[Start of section]

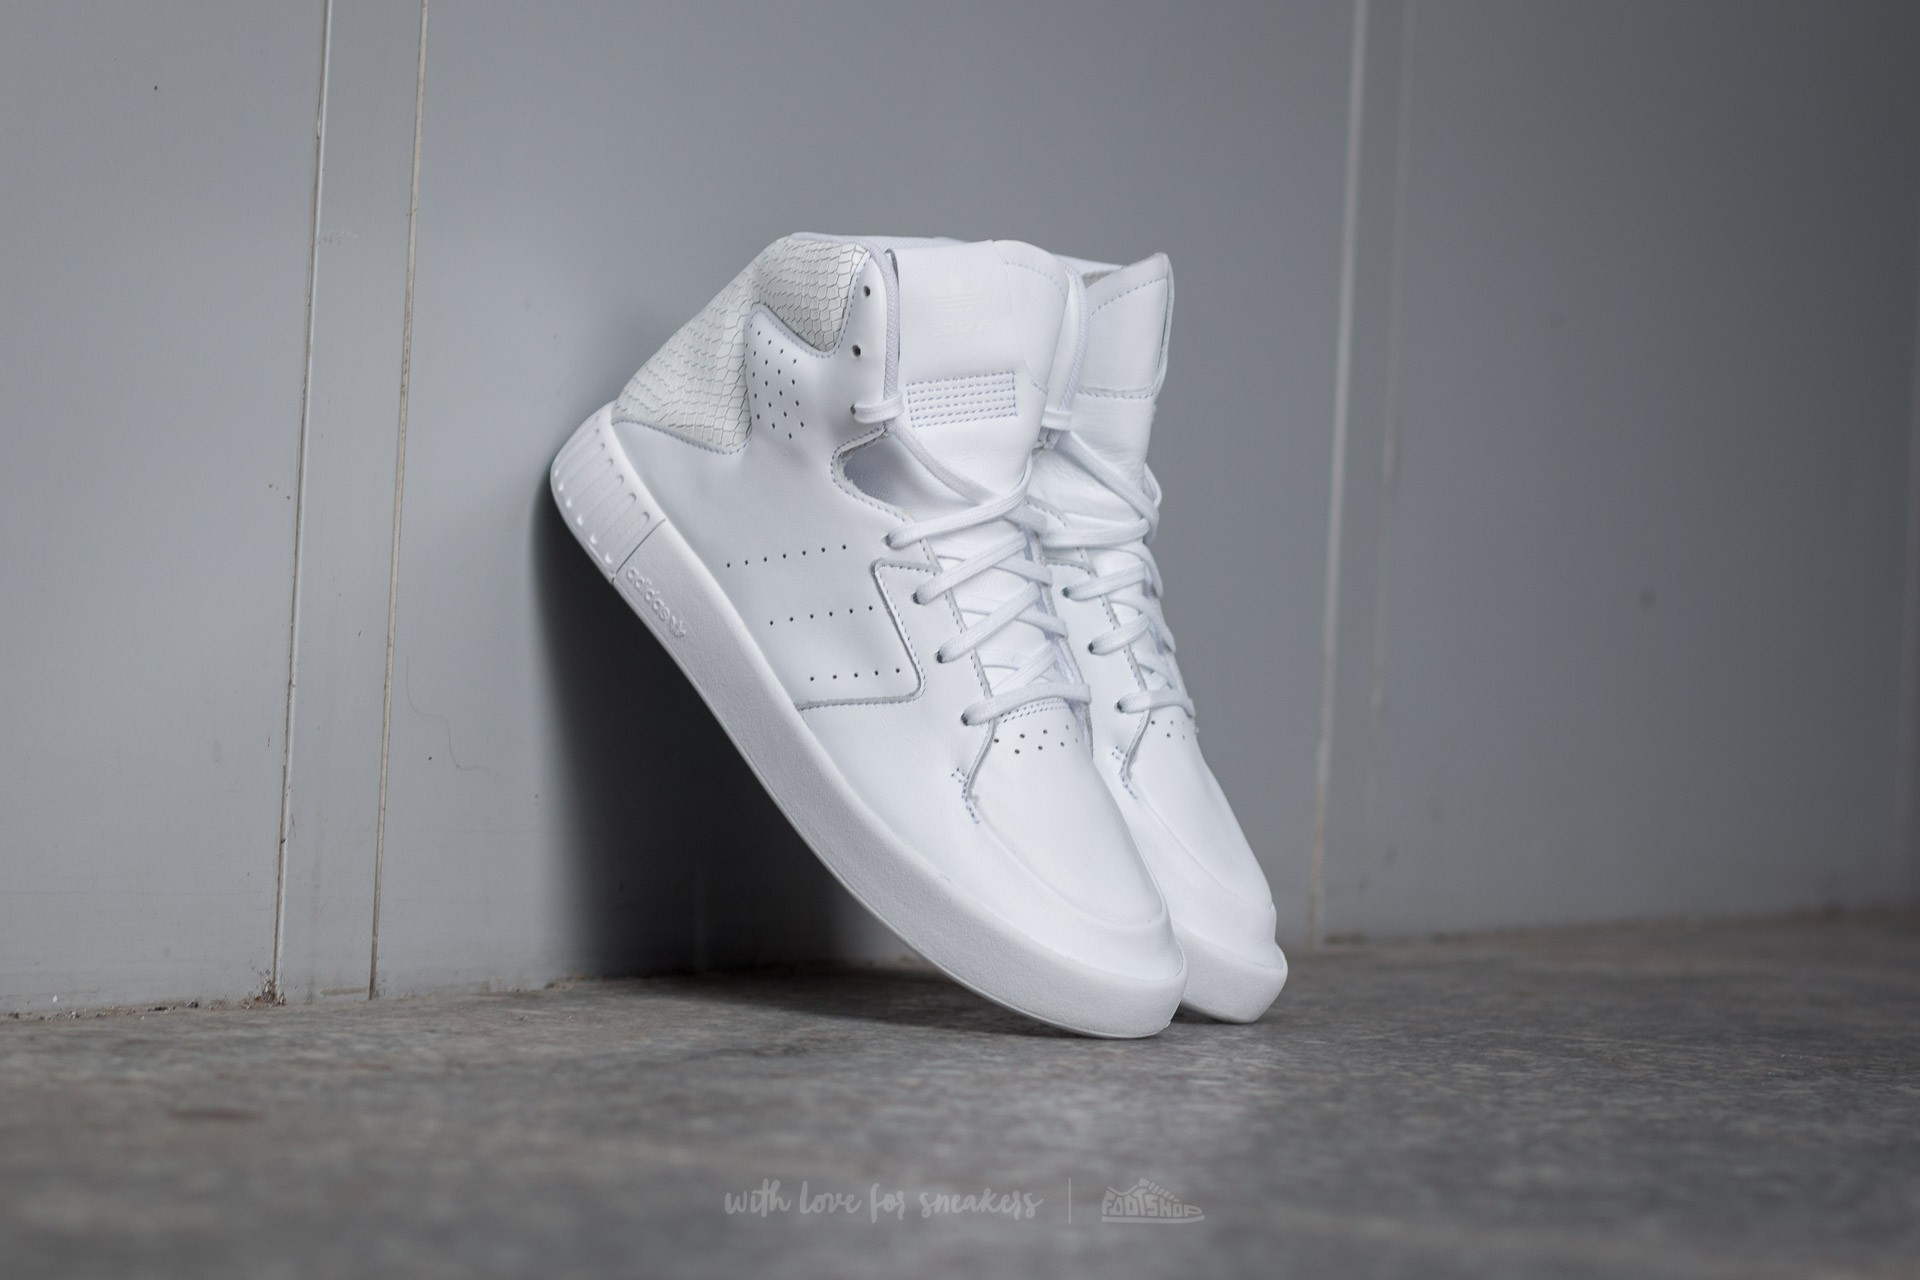 brand new 13033 de4a3 adidas Tubular Invader 2.0 W Ftw White/ Ftw White/ Ftw White ...
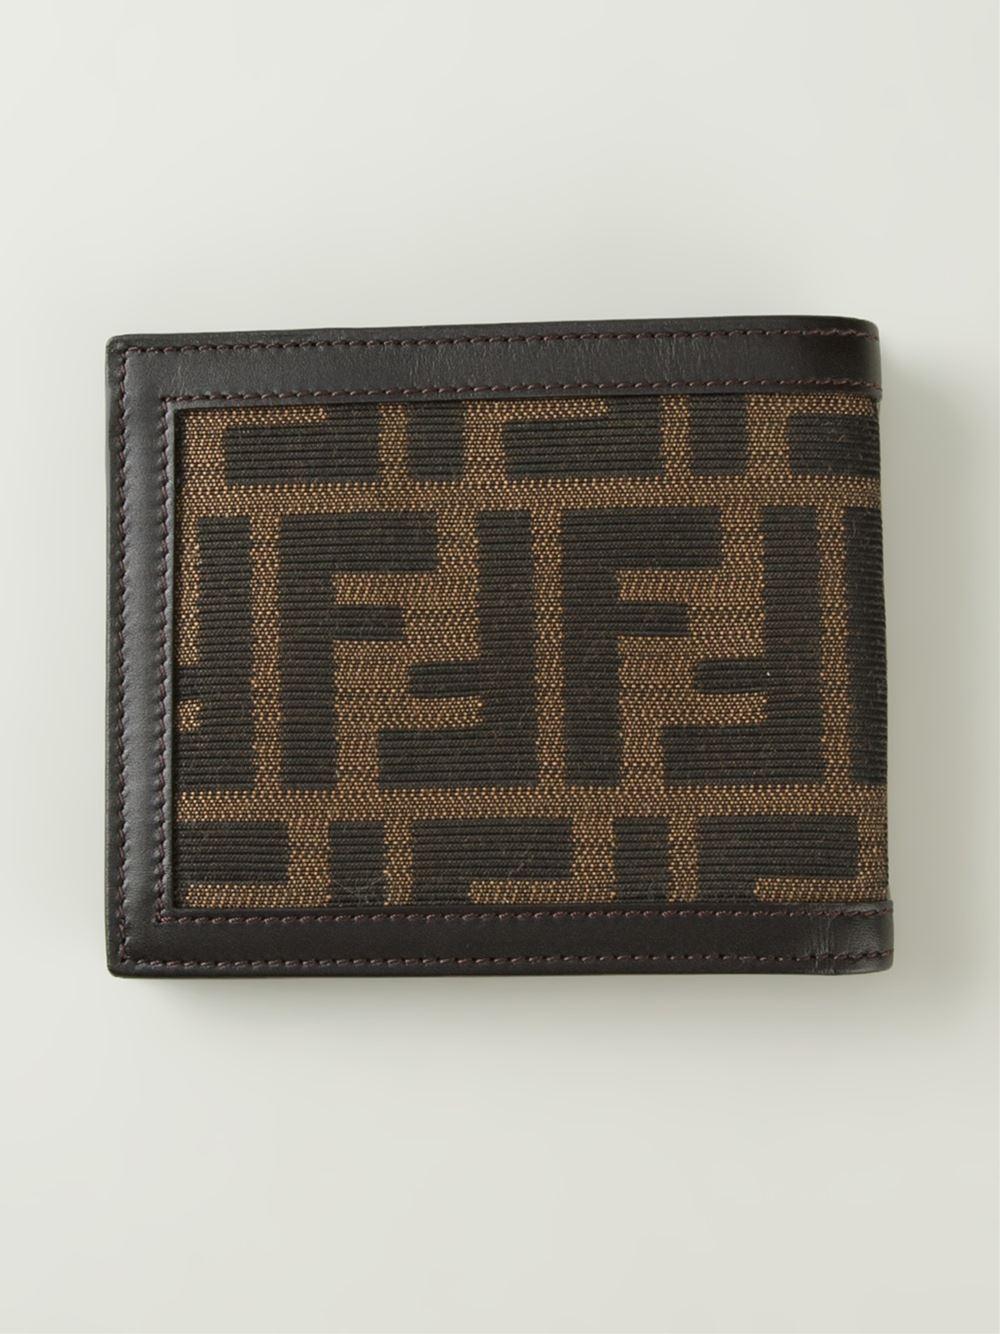 fendi ff logo billfold wallet in brown for men
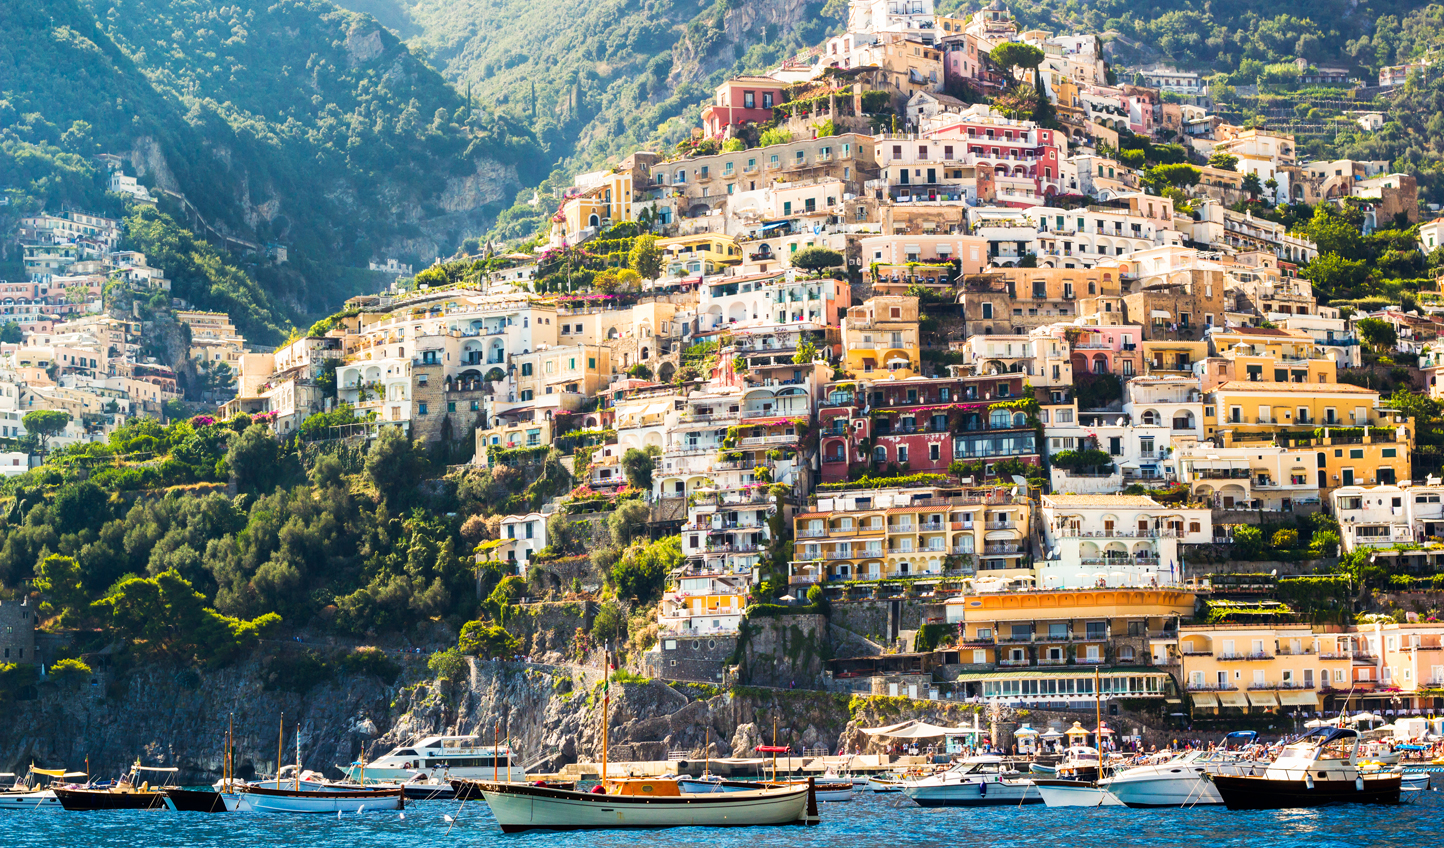 Sail up the glittering Amalfi Coast
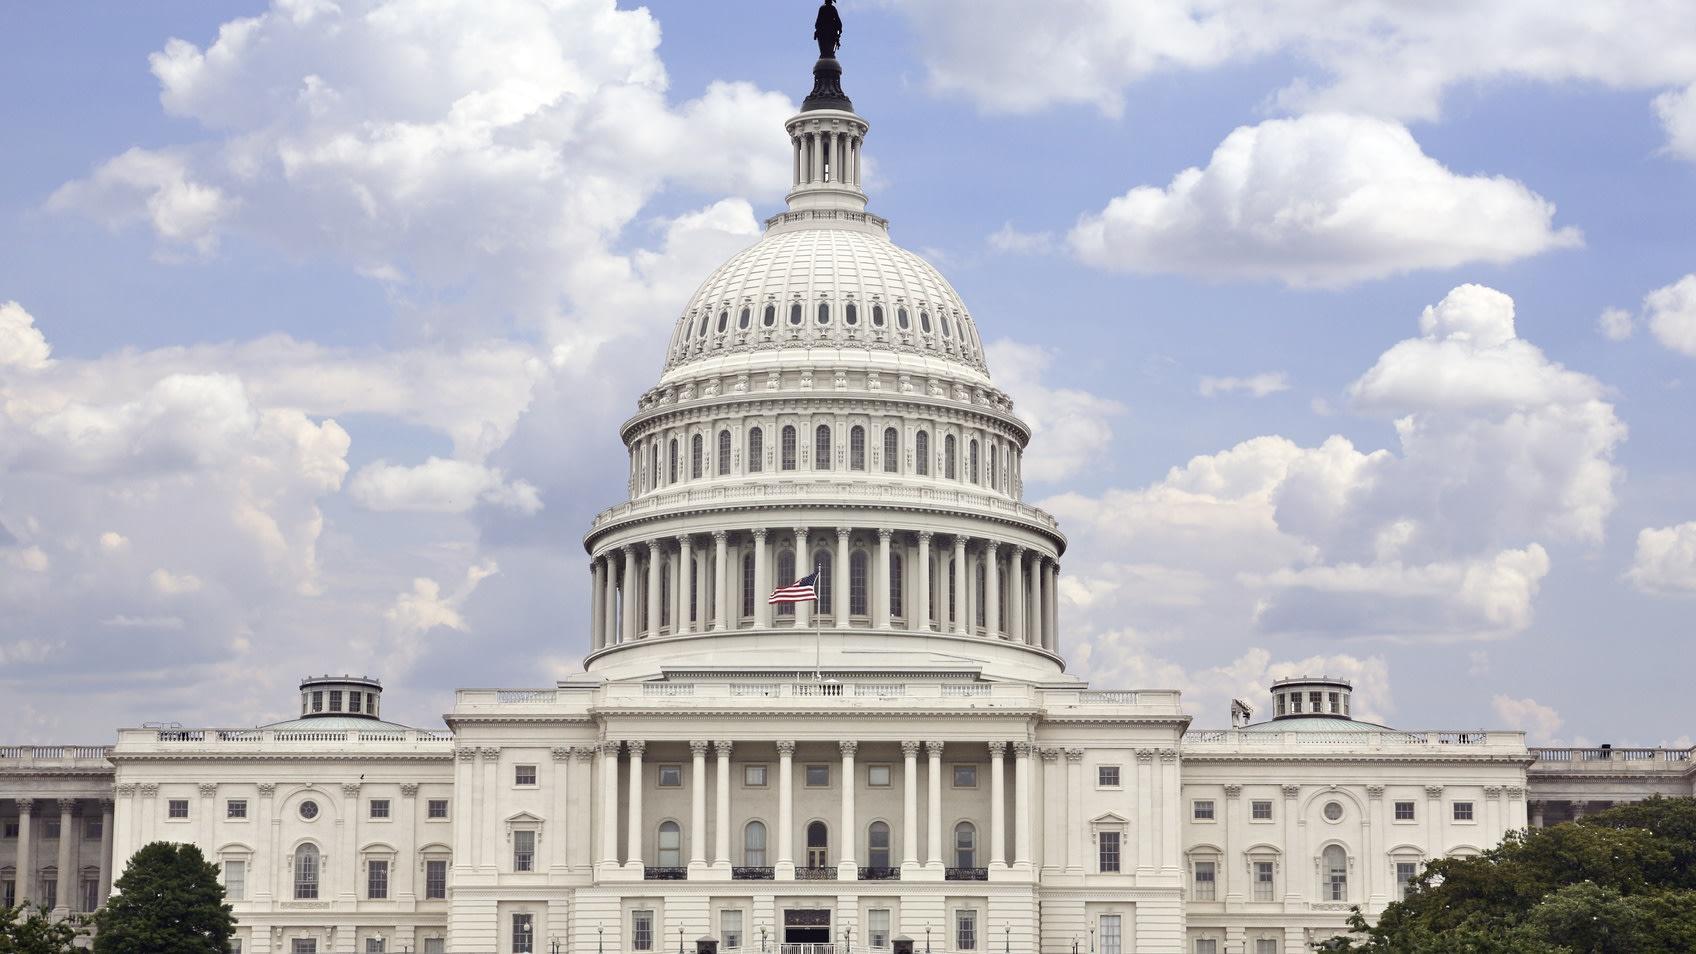 Lawmakers Prepare To Vote On Police Reform Bill Named In Honor Of George Floyd

[End of section]

Transcribe exactly the line containing "Sail up the glittering Amalfi Coast" and every line after it through the end of the listing above; pictures are not part of the copy.

 Sail up the glittering Amalfi Coast
 Lawmakers Prepare To Vote On Police Reform Bill Named In Honor Of George Floyd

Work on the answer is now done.